══ Available data ══
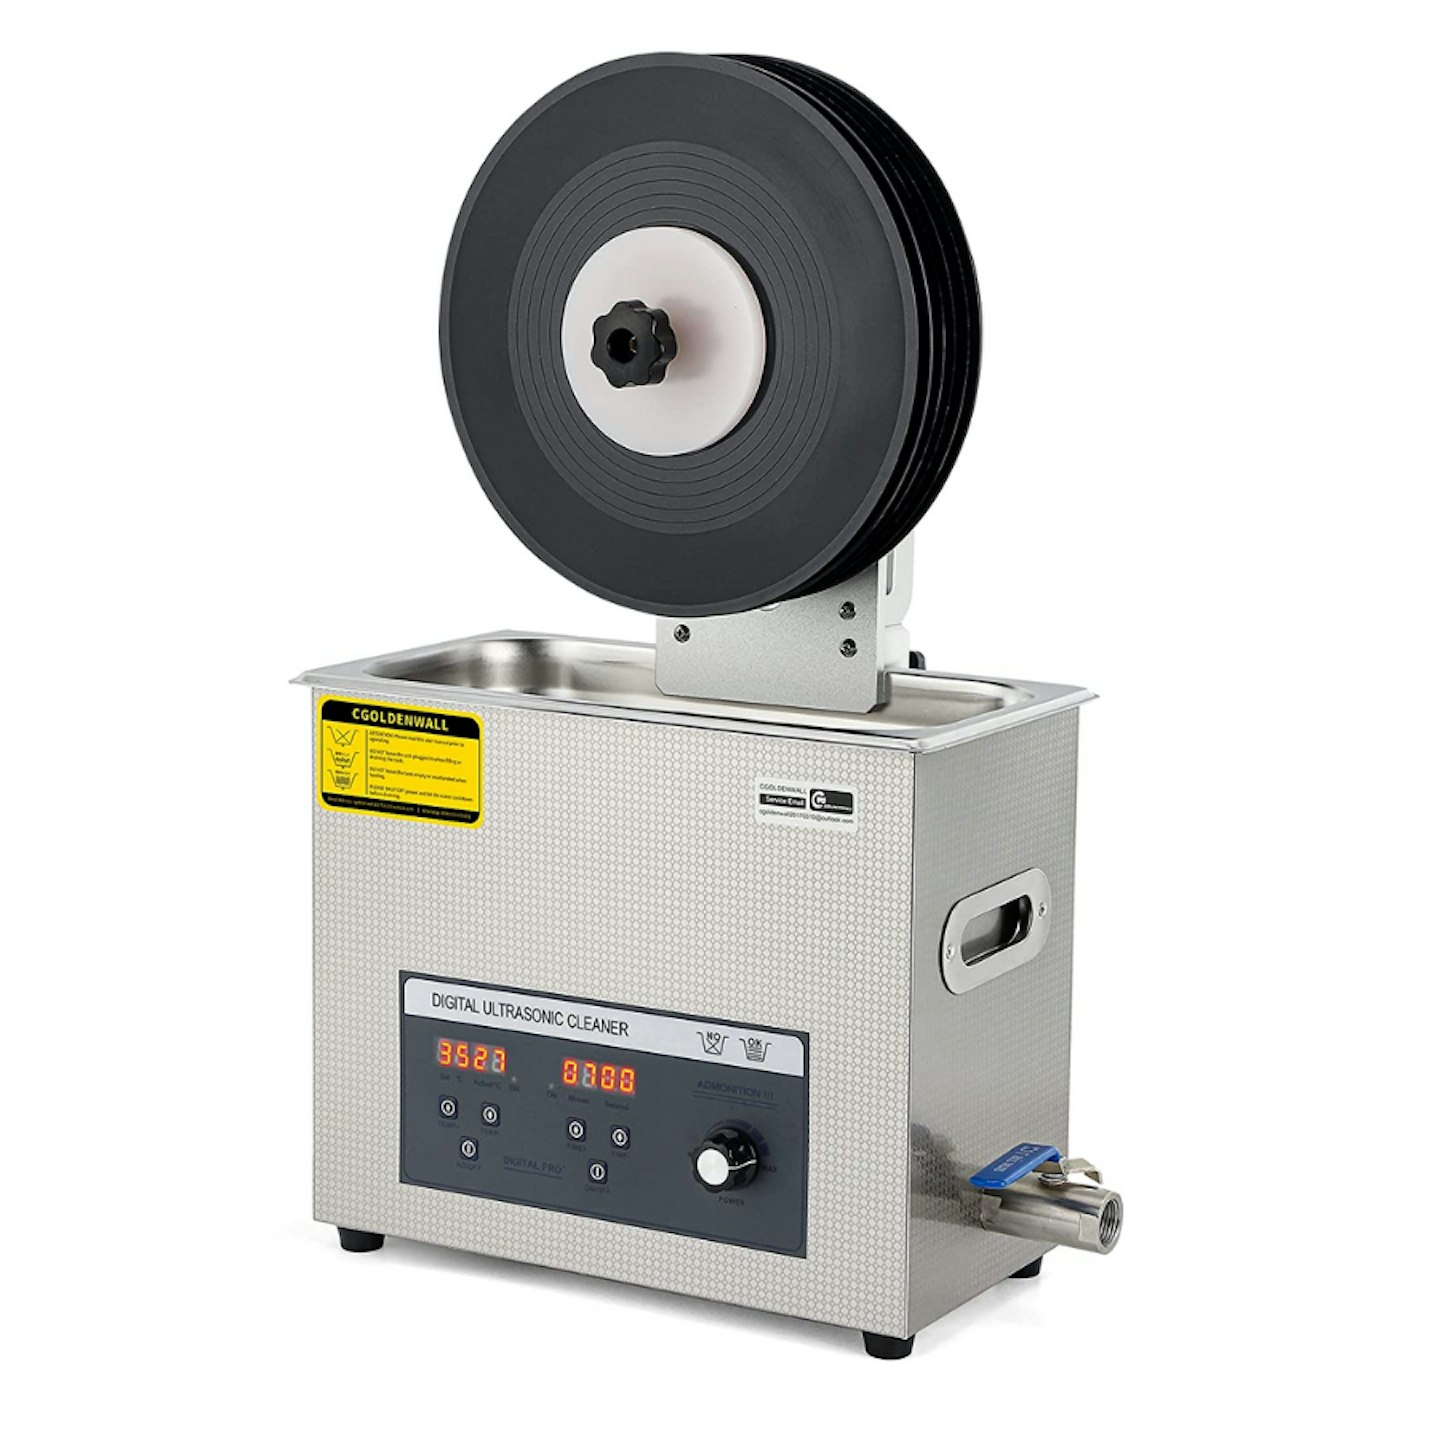 CGoldenwall 6L Vinyl Record Ultrasonic Cleaner Digital Type 70
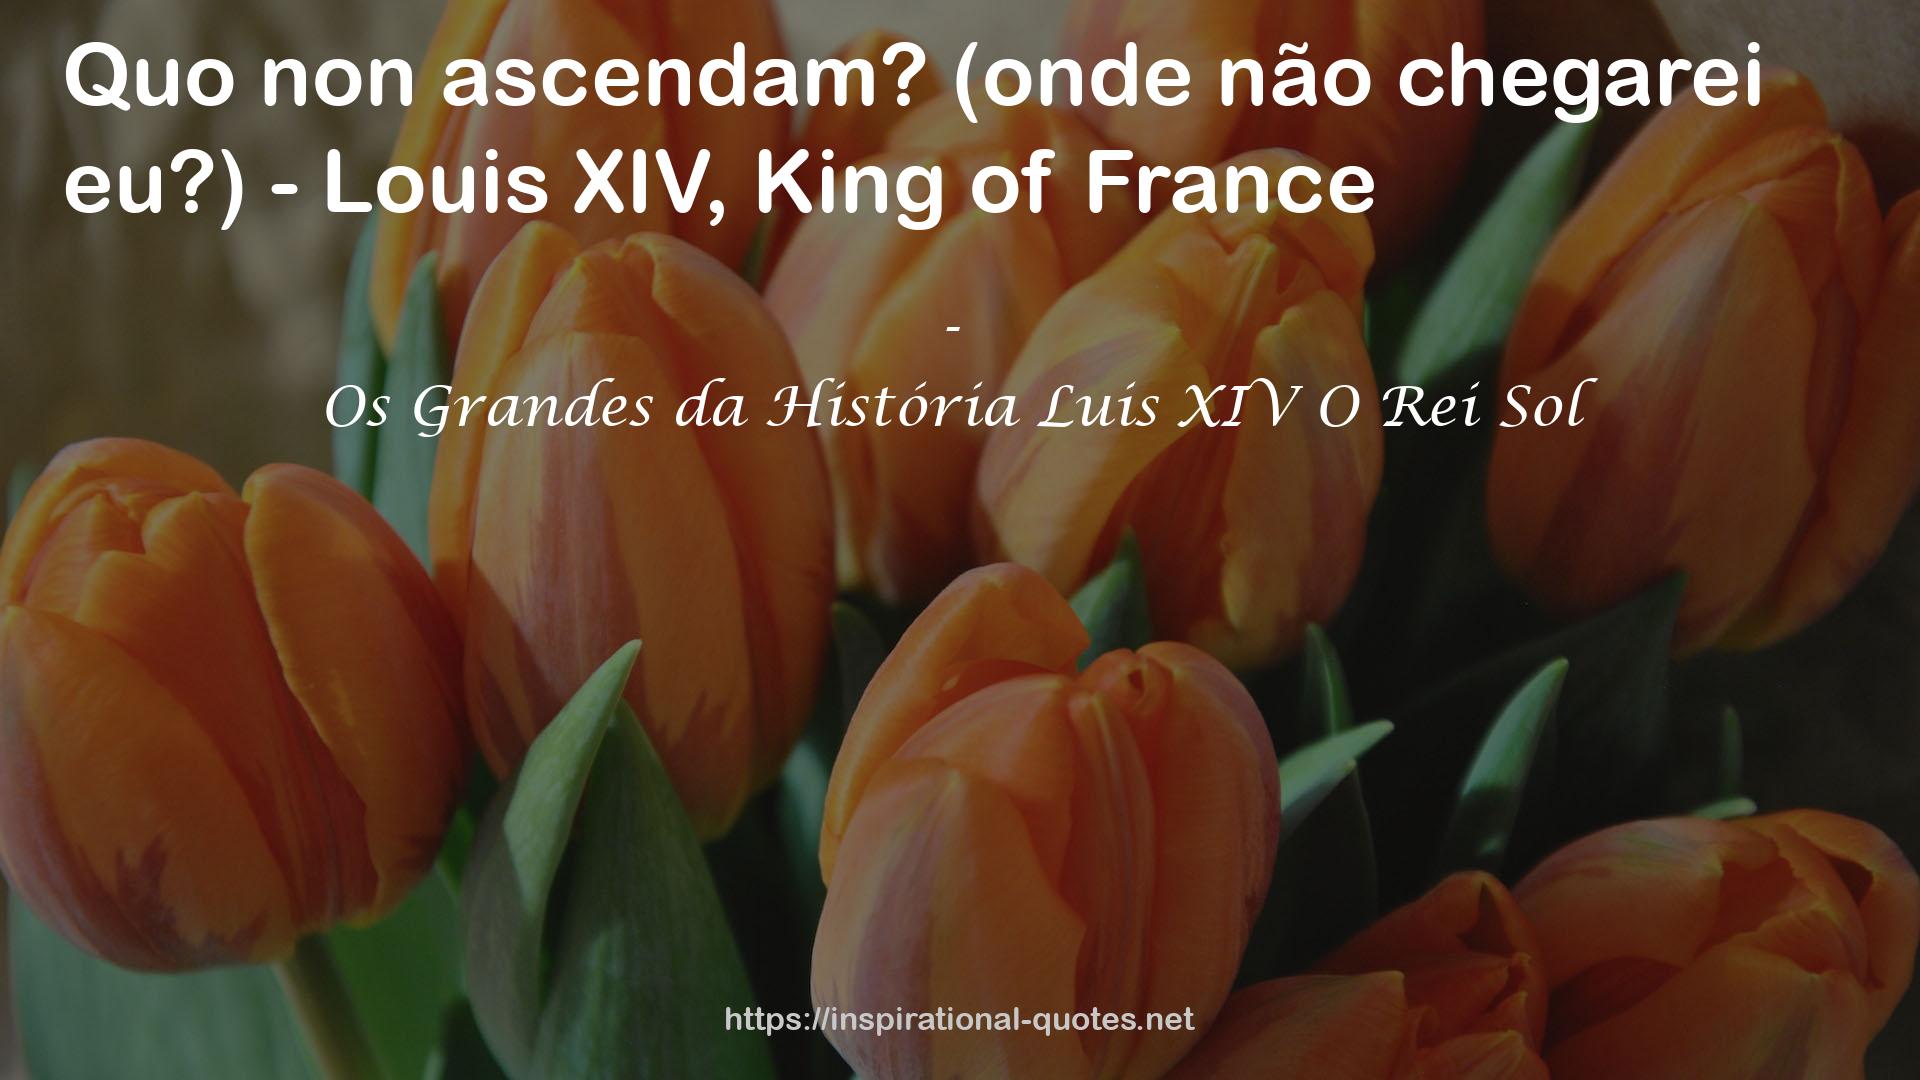 Os Grandes da História Luis XIV O Rei Sol QUOTES
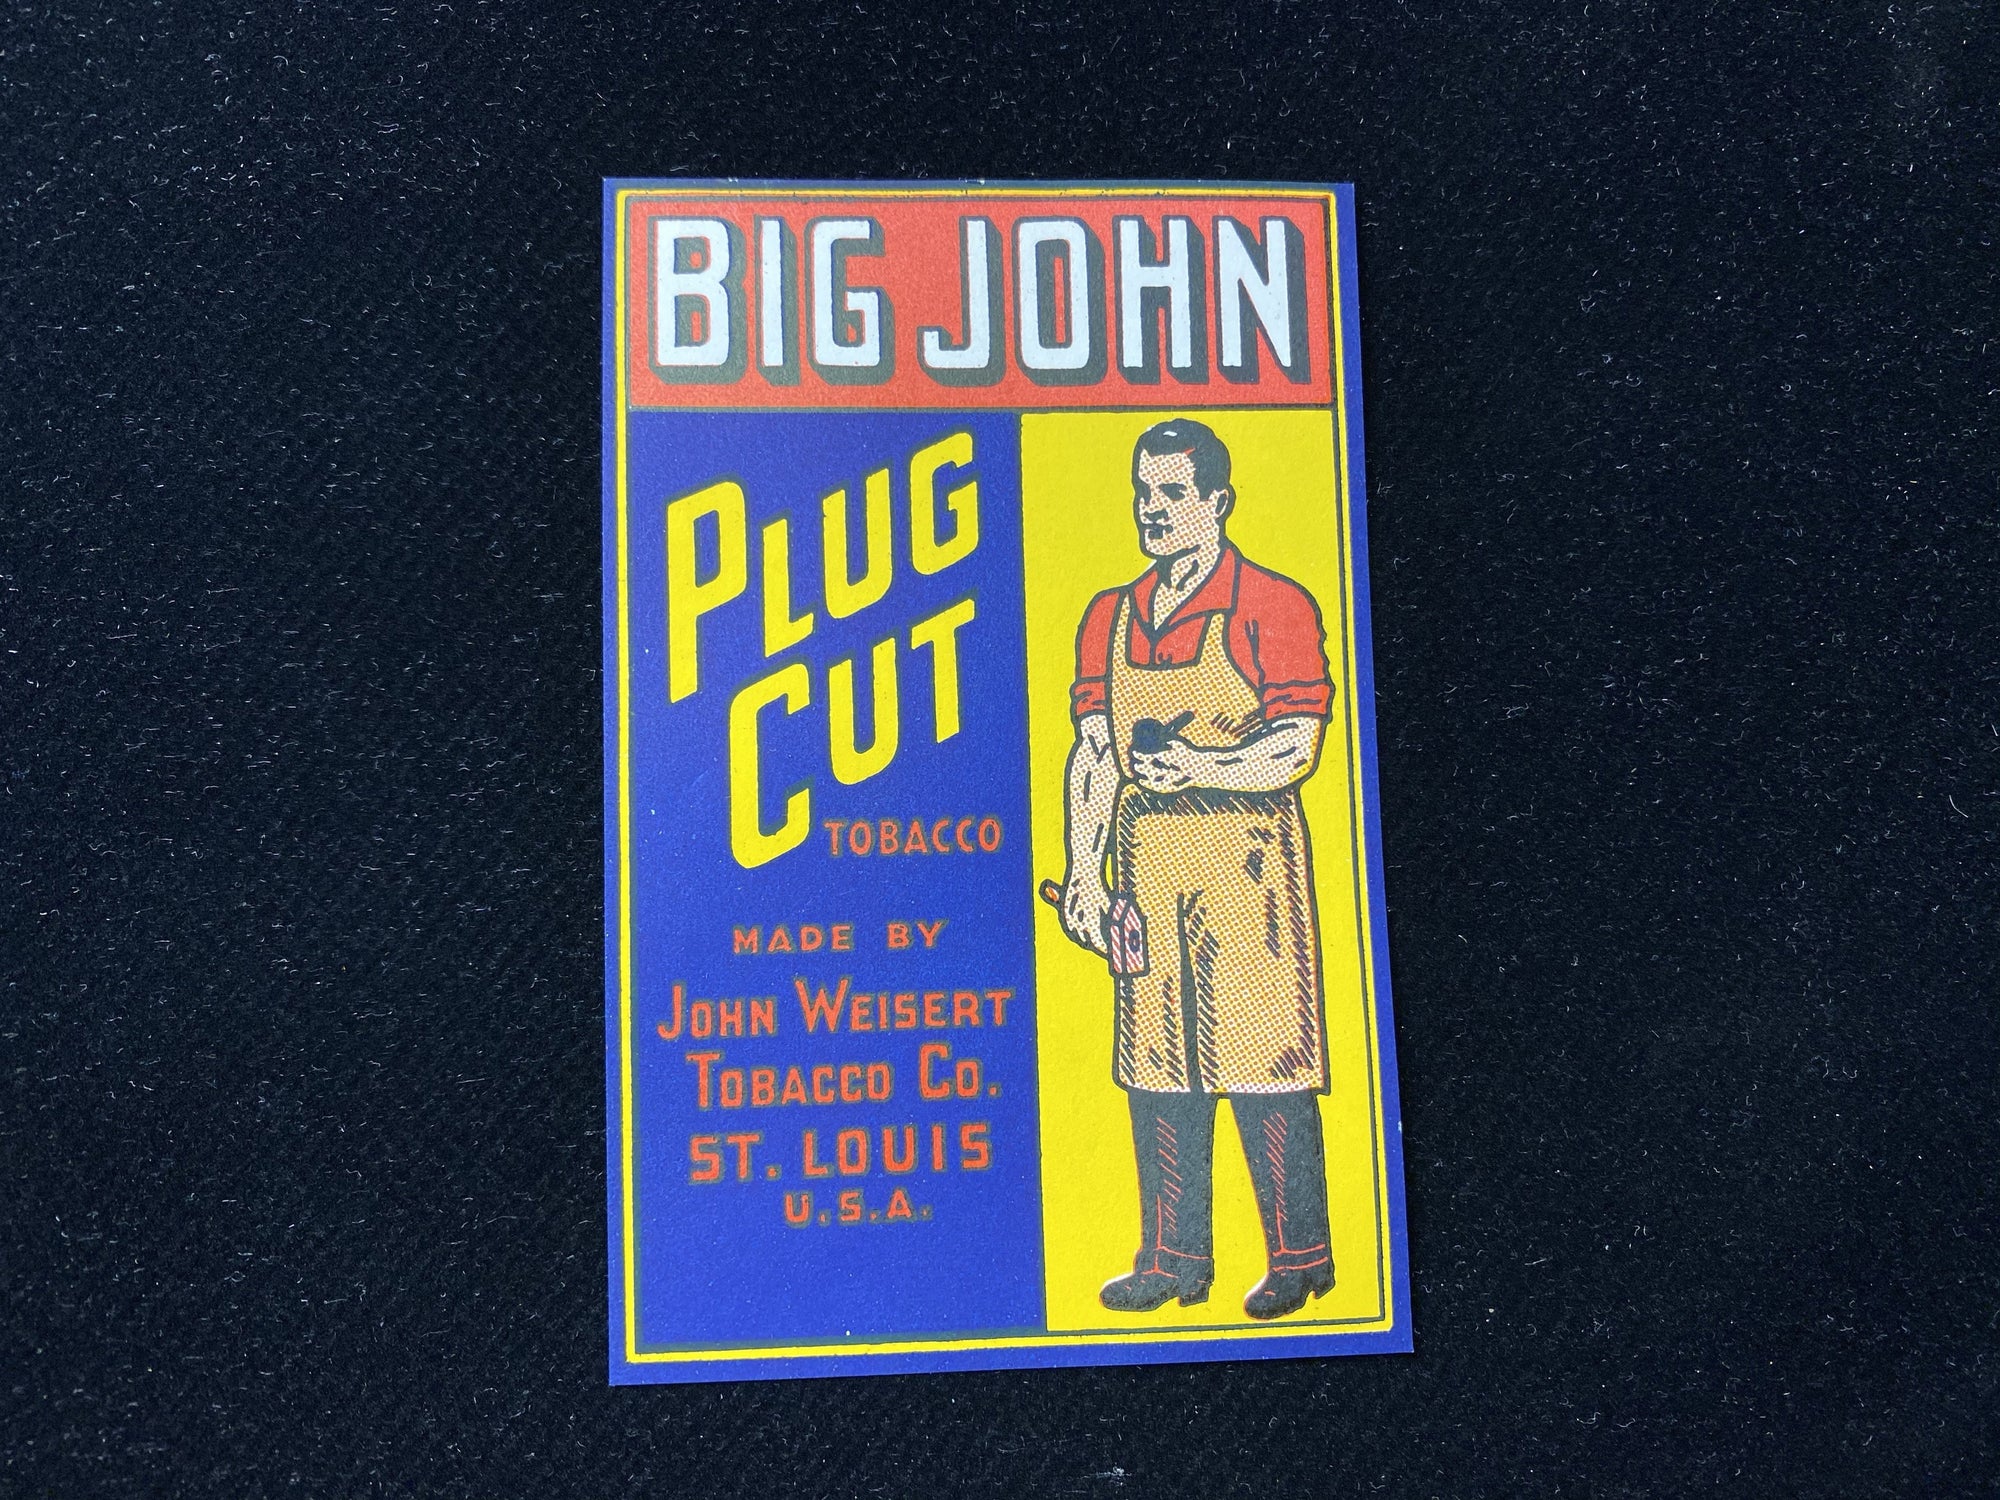 Vintage Tobacco label featuring Big John Plug Cut Tobacco
═══
# Work task
Restate every line of the data above word for word, with the images removed.

# Output below
 CGoldenwall 6L Vinyl Record Ultrasonic Cleaner Digital Type 70
 Os Grandes da História Luis XIV O Rei Sol QUOTES
 Vintage Tobacco label featuring Big John Plug Cut Tobacco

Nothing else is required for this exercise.